Question : In a $\triangle ABC$, if $\angle A=90^{\circ}, AC=5 \mathrm{~cm}, BC=9 \mathrm{~cm}$ and in $\triangle PQR, \angle P=90^{\circ}, PR=3 \mathrm{~cm}, QR=8$ $\mathrm{cm}$, then:

Option 1: $\triangle ABC \cong \triangle PQR$

Option 2: $ar(\triangle ABC)\neq ar(\triangle PQR)$

Option 3: $ar(\triangle ABC) \leq ar(\triangle PQR)$

Option 4: $ar(\triangle ABC)=ar(\triangle PQR)$

Question : It is given that ABC $\cong$ PQR, AB = 5 cm, $\angle$B = $40^{\circ}$, and $\angle$A = $80^{\circ}$. Which of the following options is true?

Option 1: PQ = 5 cm and $\angle$R = $60^{\circ}$

Option 2: QR = 5 cm and $\angle$R = $60^{\circ}$

Option 3: QR = 5 cm and $\angle$Q = $60^{\circ}$

Option 4: PQ = 5 cm and $\angle$P = $60^{\circ}$

Question : If it is given that for two right-angled triangles $\triangle$ABC and $\triangle$DFE, $\angle$A = 25°, $\angle$E = 25°, $\angle$B = $\angle$F = 90°, and AC = ED, then which one of the following is TRUE?

Option 1: $\triangle \mathrm{ABC} \cong \triangle \mathrm{FED}$

Option 2: $\triangle \mathrm{ABC} \cong \triangle \mathrm{DFE}$

Option 3: $\triangle \mathrm{ABC} \cong \triangle \mathrm{EFD}$

Option 4: $\triangle \mathrm{ABC} \cong \triangle \mathrm{DEF}$

Question : $\triangle ABC$ and $\triangle PQR$ are two triangles.
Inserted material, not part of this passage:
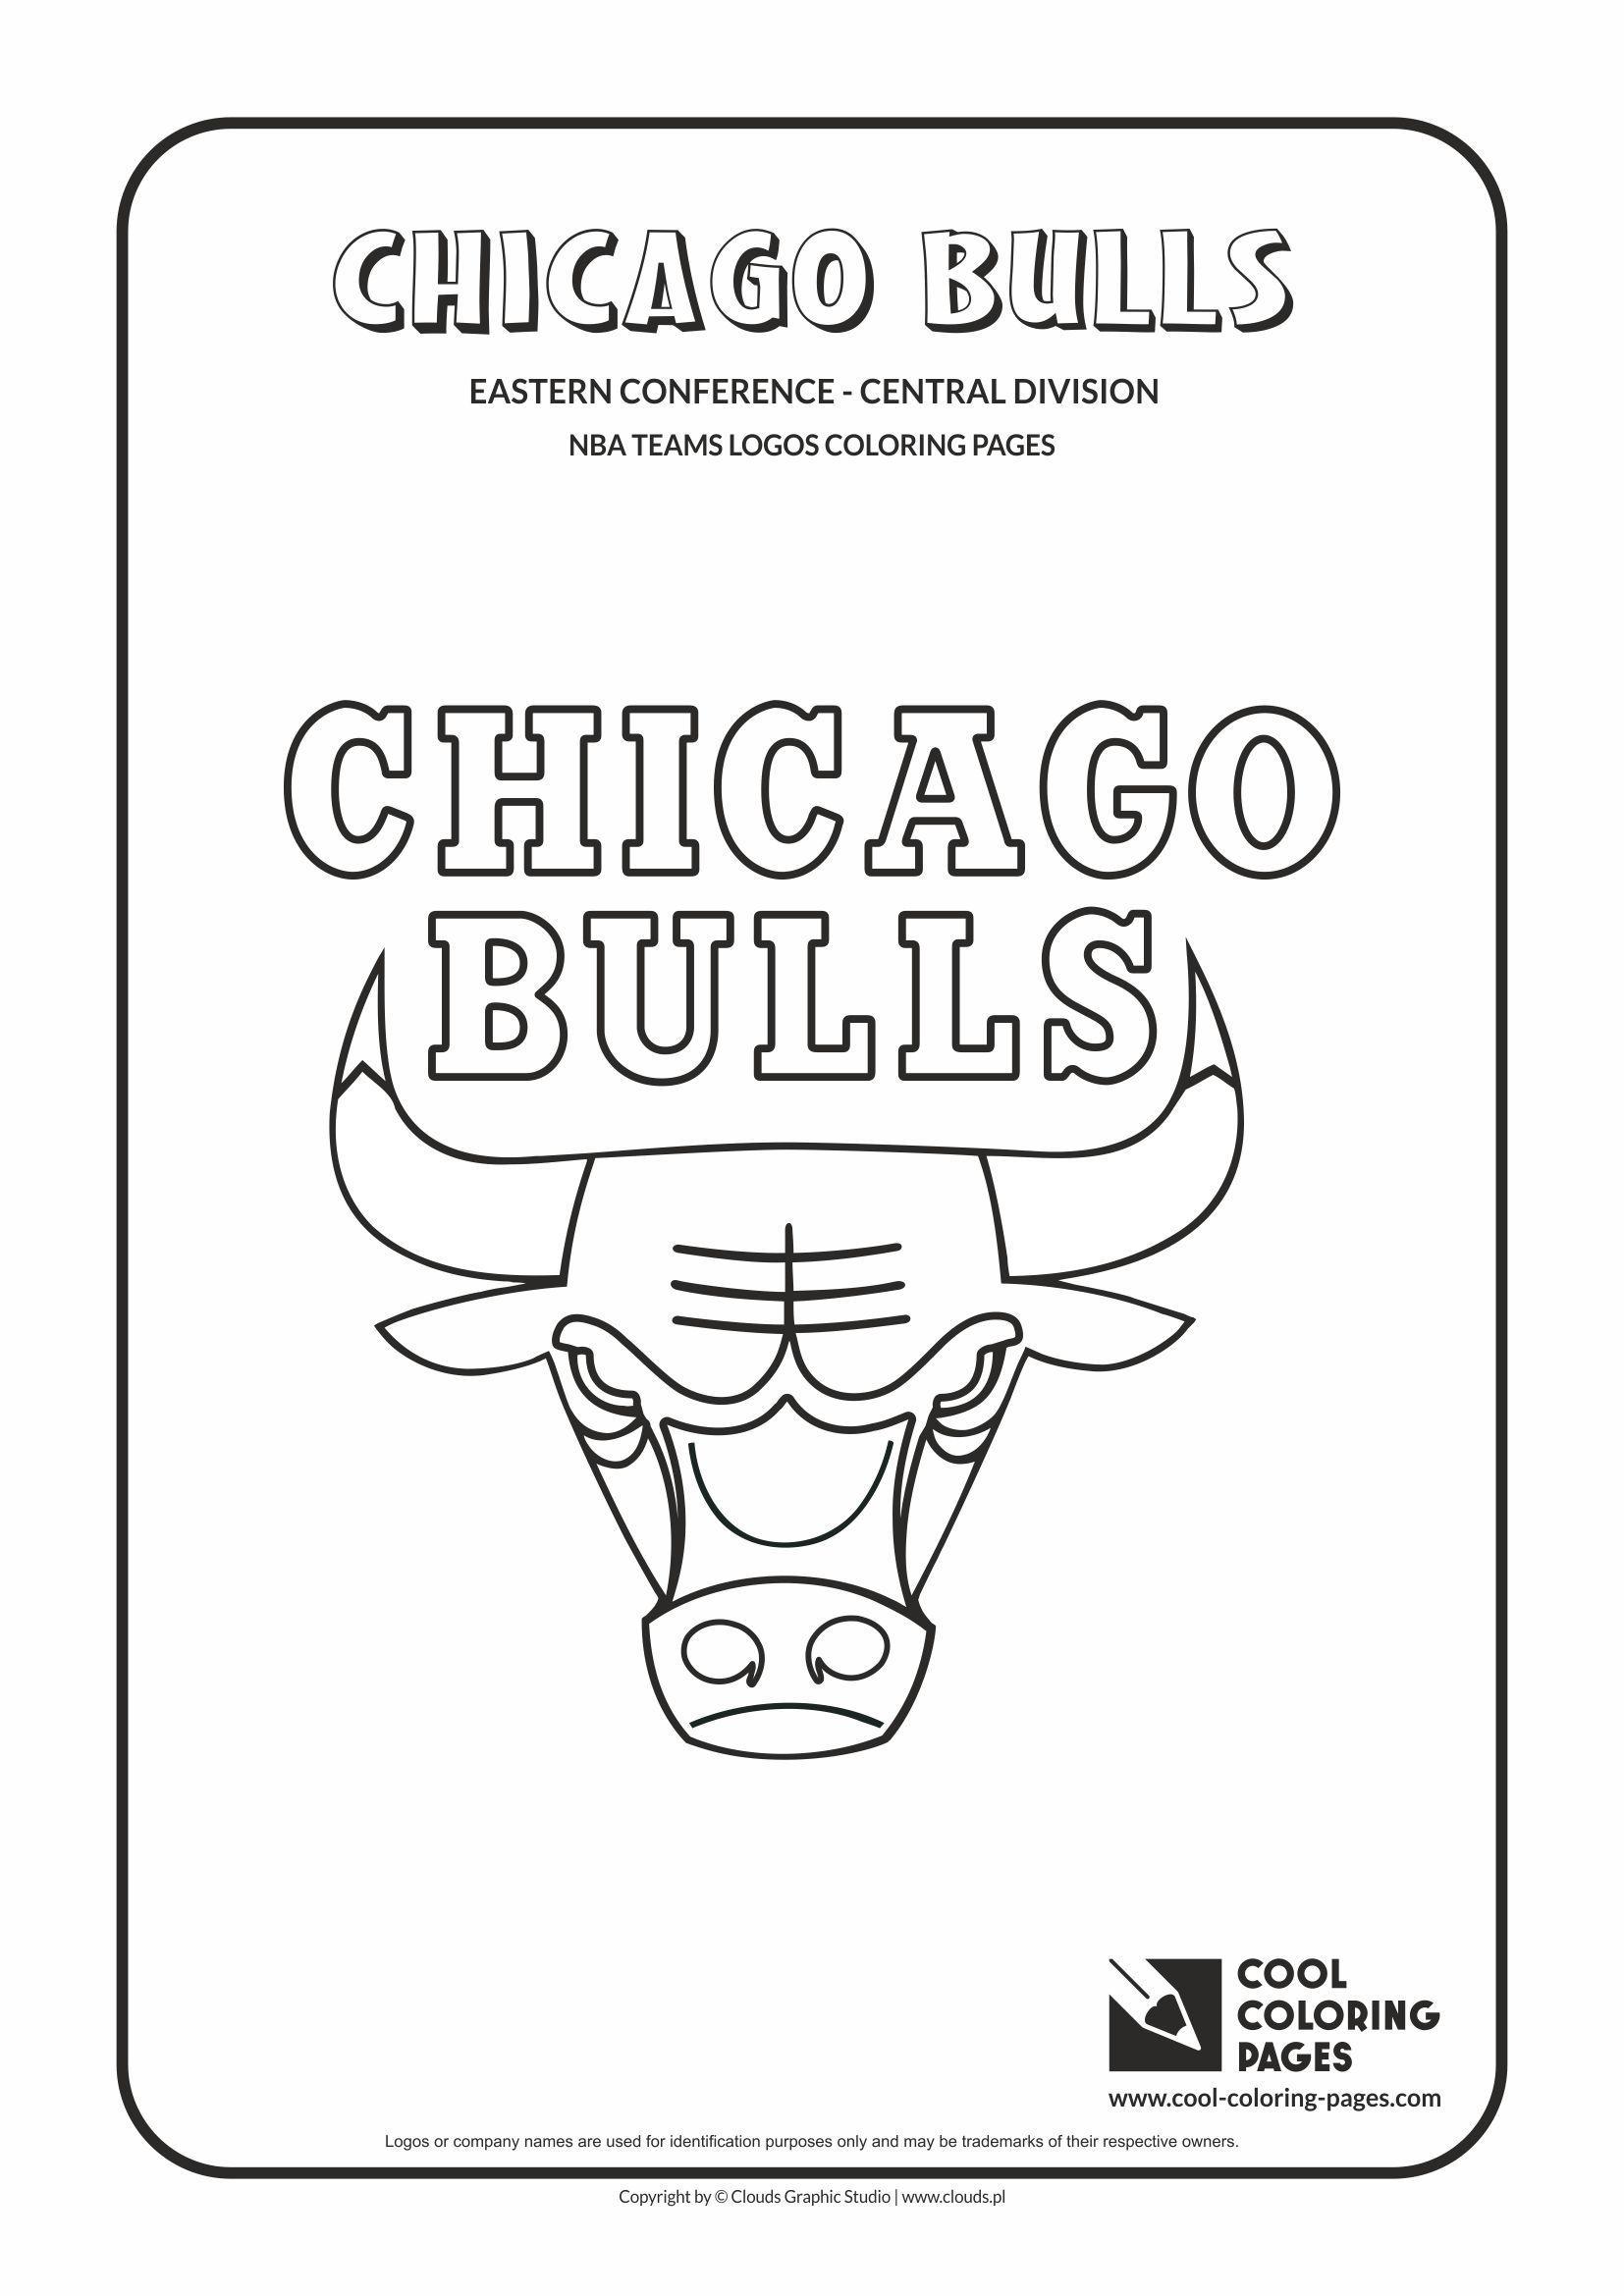 Cool Basketball Team Logo - Cool Coloring Pages - NBA Teams Logos / Chicago Bulls logo ...

AB = PQ = 6 cm, BC = QR =10 cm, and AC = PR = 8 cm. If $\angle ABC = x$, then what is the value of $\angle PRQ$?

Option 1: $(180 ^{\circ}–x)$

Option 2: $x$

Option 3: $(90 ^{\circ}–x)$

Option 4: $(90 ^{\circ}+x)$

Question : In $\triangle P Q R$, $\angle Q=90^{\circ}$, $PQ=8$ cm and $\angle P R Q=45^{\circ}$ Find the length of $QR$.

Option 1: 6 cm

Option 2: 3 cm

Option 3: 5 cm

Option 4: 8 cm